Когда я была ещё не столь молода и прекрасна, как сегодня, и только начала творить под этим псевдонимом, я написала рассказ (он стал первым опубликованным), в котором героиня «читала в какой-то книжке, что в Церкви есть радость». Рассказ называется «Подарок», опубликован в «Фоме», совместными усилиями с редактором мы натянули рассказ на некое подобие хеппи-энда, можете оценить, если захочется.
Правда же заключается в том, что никакого разрешения конфликта наяву тогда не случилось.
Да и не могло случиться.
Неврозы, неврозы….
Первый психиатрический диагноз – фобический невроз – мне был поставлен в мои 12 лет. Несмотря на советский страх перед психушками и психиатрами, мне и моим родителям пришлось ознакомиться и с тем, и с другим. Однако психотерапии в том виде, который имеется сейчас, тогда не существовало. Психологи работали при стационарах и при ПНД, а всякий, кому после лечения стало легче, скорее старался забыть эти места.
Неврозы сами не проходят (и от одних лишь таблеток они не проходят тоже). Невротиками не становятся, хотя я и не скажу, что ими рождаются, но в наши дни быть нормальным, не страдающим неврозом (хотя бы неврозом) человеком быть почти что неприлично. Для этого надо как минимум родиться в не подверженной этому делу семье. А если уже родился – то даже и не думай. Невротизировано почти поголовно всё население, тому есть много причин – от биологических до исторических, оставлю этот вопрос специалистам. Но я как педагог вынуждена давать координаты психолога и психиатра так часто, что оба этих доктора уже должны платить мне комиссионные. (И хорошая новость: в России очень сильная психотерапевтическая школа, на себе проверено.)
Если бы я стала батюшкой…
Во всех прочитанных мною историях и «исповедях» бывших – включая мою собственную – из каждой фразы пышно торчит этот самый невроз. И это не только невроз автора. Потому что батюшки, как ни крути – они не с Марса прилетели, они взялись оттуда же, откуда все мы.
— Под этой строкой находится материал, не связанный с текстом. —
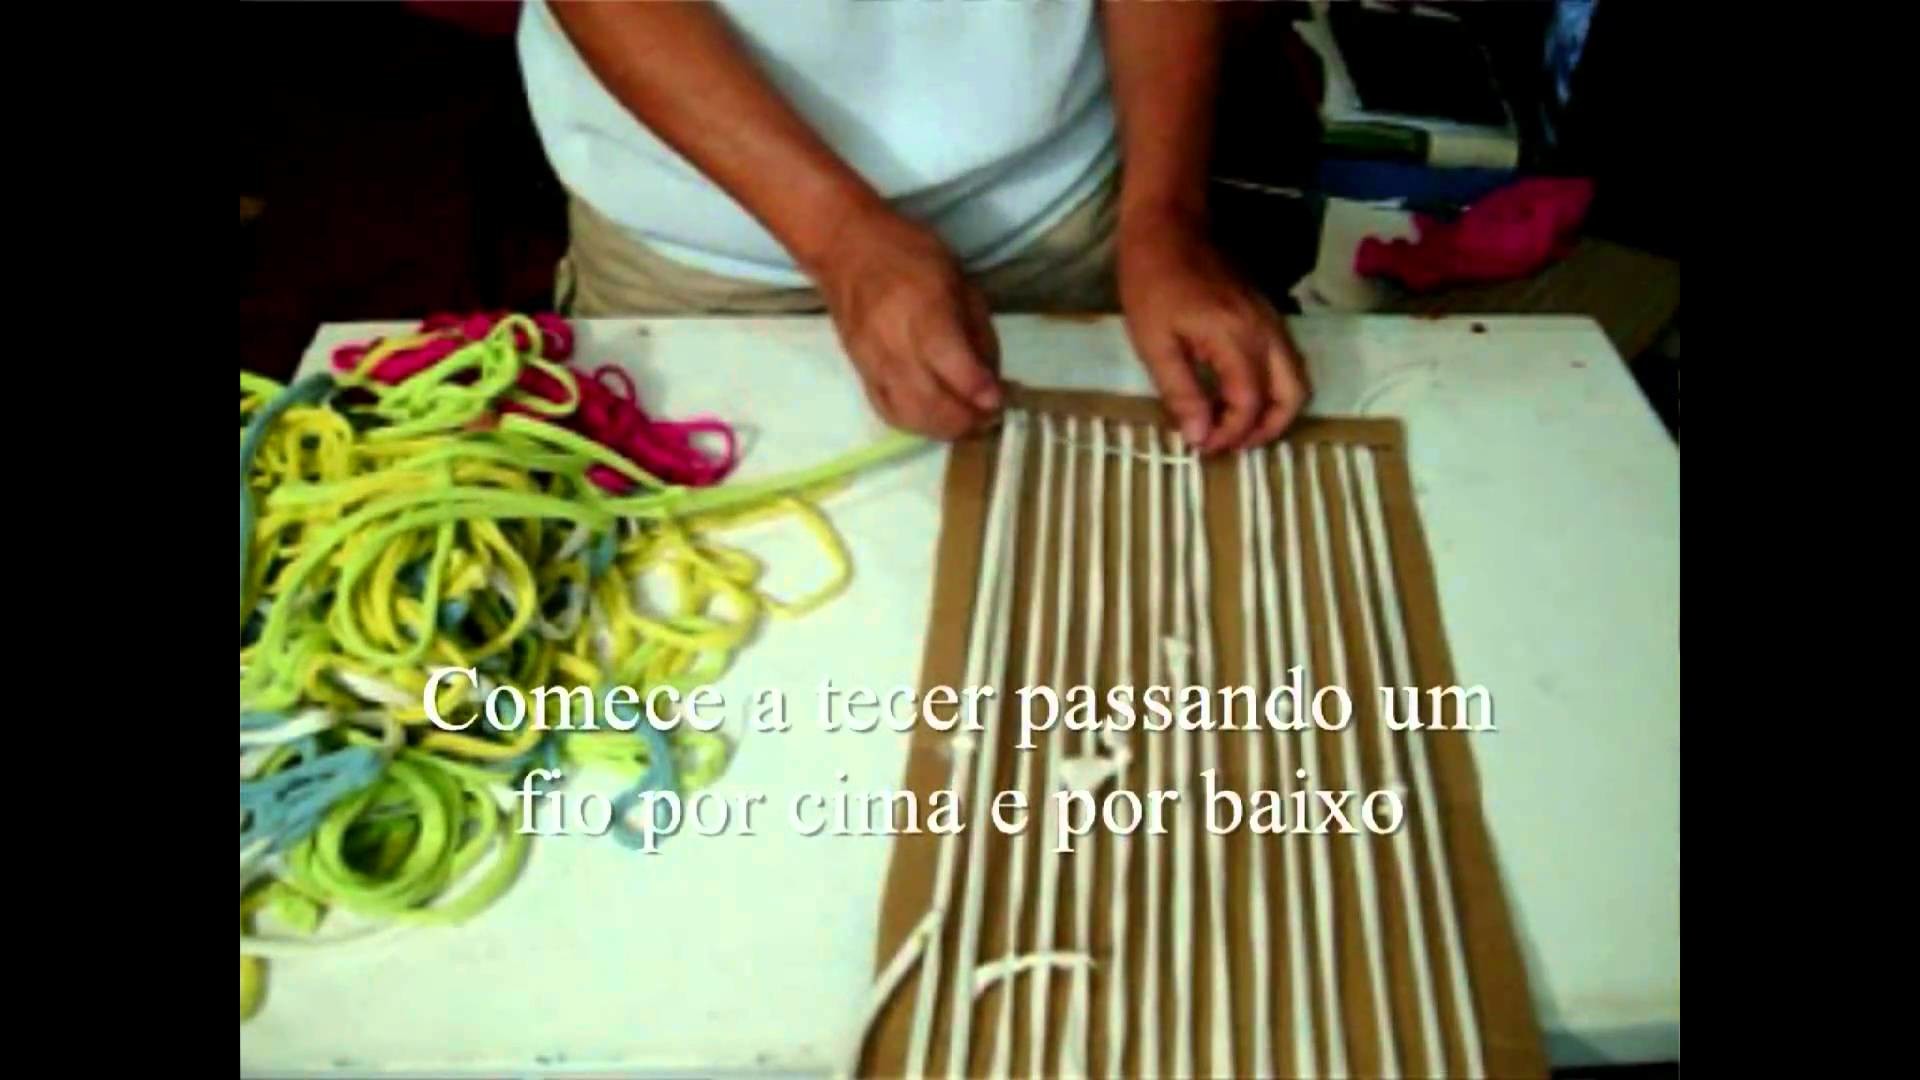 Artesanato : Tear de papelão - Craft: Loom cardboard - Artesanía: cartón Loom

Если бы я родилась мальчиком и крестилась в 16 лет, то я гарантированно сейчас была бы в сане. Я ведь никогда не останавливаюсь на достигнутом. И что бы вы таки имели тогда с меня, дорогие братья и сёстры?
Вы имели бы батюшку, который совершенно на полном серьёзе пытался бы измерить степень вашей готовности к Причастию количеством «вычитанных» вами канонов. Батюшку, который, когда вы приходите с горем или с вопросом, не может, даже если очень хочет, почувствовать вашу боль и понять её – просто потому что невроз лишает ясности чувств и ощущений и зацикливает на самом себе. Любое высказанное вами сомнение вгоняет его в панику, от которой он может спастись либо цитированием чего-нибудь благочестивого или гневной отповедью (гнев – лучшее лекарство для боязливого). Батюшку, который изнемогает под бременем ответственности за спасение вверившихся ему душ так, словно Бога не существует вовсе или Он внезапно взял длительный отпуск и отключил телефон, свалив все текущие дела на своего испуганного зама.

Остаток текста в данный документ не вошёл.